ATA Error Count Rising.... Hard drive flaking - Gen8

schnoodles · Jan 10, 2020

Hey.

Just warning everyone that I built this NAS 4 years ago and havent touched it much so I am quite a bit out of the loop.

I am running a HP Gen8 with 4 5TB WD Green HDDs with the latest FreeNAS-11.2-U7

The HDD part on the Dashboard says Healthy for all disks.... How ever I am getting an error every few seconds

Code:

Device: /dev/ada2, ATA error count increased from 59693 to 60134
          Fri, 10 Jan 2020 04:24:35 GMT

I ran smartctl -a /dev/ada2 and it returned all sorts of crazy..... (When it wants to work)

smartctl -a /dev/ada2 - Pastebin.com

Pastebin.com is the number one paste tool since 2002. Pastebin is a website where you can store text online for a set period of time.

pastebin.com

Although most of the time I run it I just get

Code:

smartctl 6.6 2017-11-05 r4594 [FreeBSD 11.2-STABLE amd64] (local build)
Copyright (C) 2002-17, Bruce Allen, Christian Franke, www.smartmontools.org

Read Device Identity failed: Input/output error

A mandatory SMART command failed: exiting. To continue, add one or more '-T permissive' options.

So I am assuming something very wrong is happening here....

I tried to run zpool status and I got

zpool status - Pastebin.com

Pastebin.com is the number one paste tool since 2002. Pastebin is a website where you can store text online for a set period of time.

pastebin.com

So I am really a bit out of my depth here.

My question really is.

1. Is my HDD completely screwed? Should I kick it off a cliff?
2. If it is screwed should I just by a WD 5TB Blue (I heard they replaced Green. I only bought Green as that was meant to be the NAS HDD).
3. If I buy a new HDD can I just plug it in and the RAID will rectify it?
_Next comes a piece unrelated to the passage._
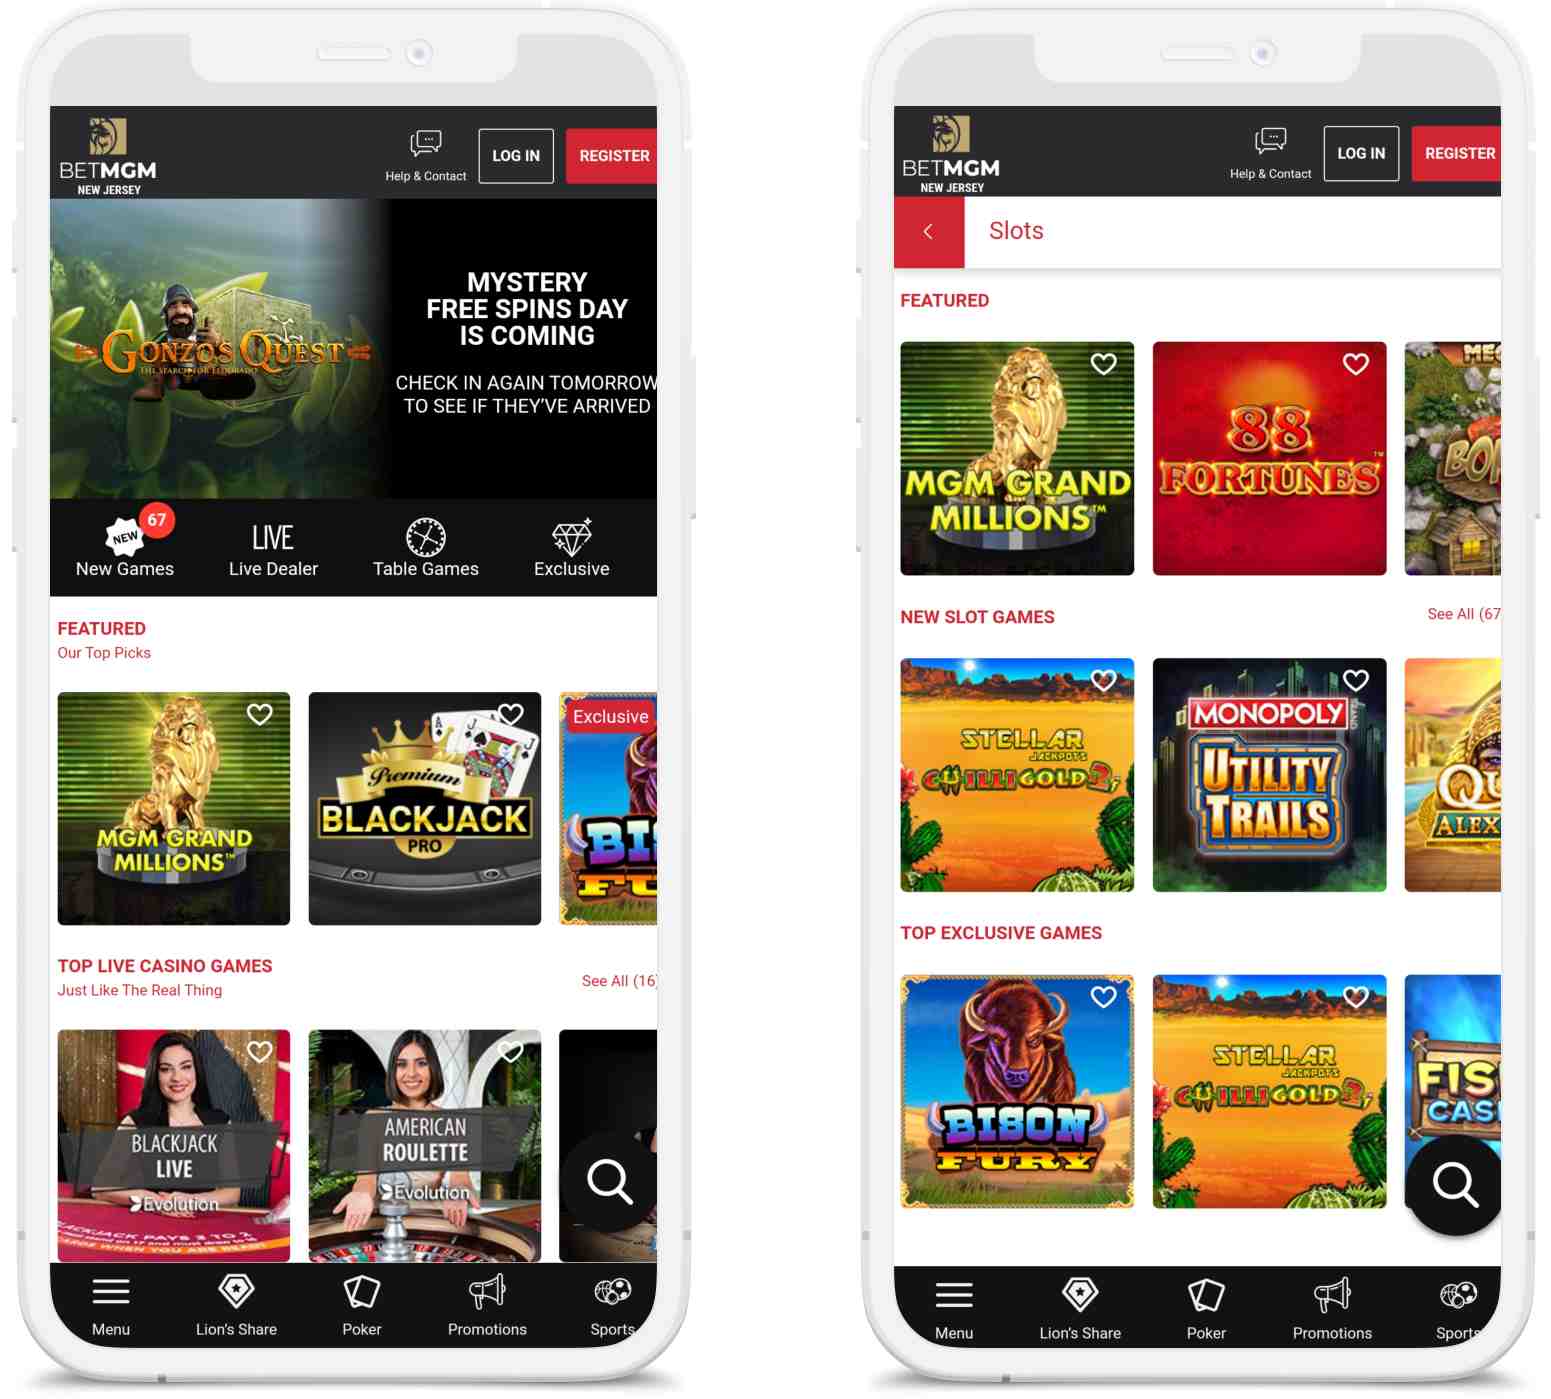 Betmgm Mobile Display - Homepage and Slot Games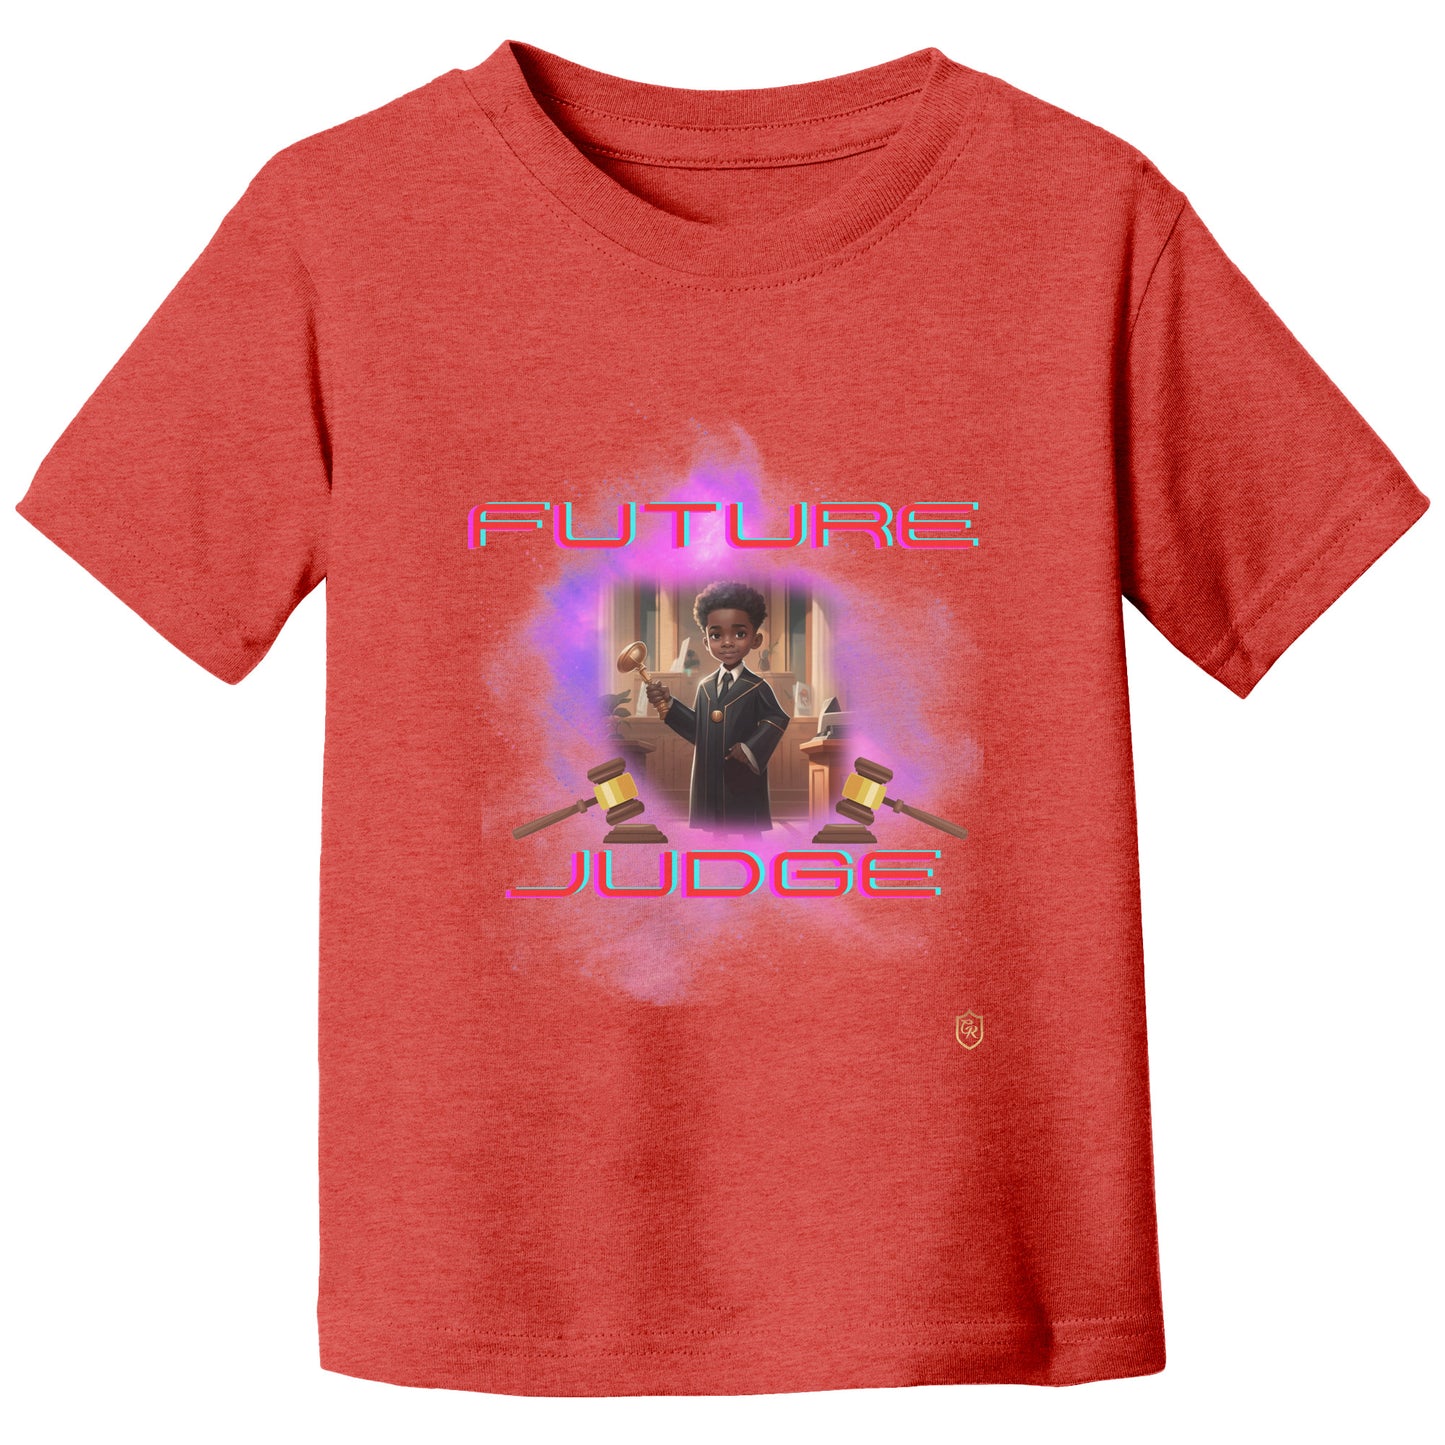 Boy's Future Judge T-shirt

Johnnie Black · Jan 10, 2020

Disk appears to be failing, you should run an extended SMART test to confirm, you should also have regular SMART tests scheduled, both short and long.

sretalla · Jan 10, 2020

Also, don't use pastebin... it's against the forum rules... please paste the text in code tags here and use spoilers if needed to condense the message.

schnoodles · Jan 10, 2020

Johnnie Black said:
Disk appears to be failing, you should run an extended SMART test to confirm, you should also have regular SMART tests scheduled, both short and long.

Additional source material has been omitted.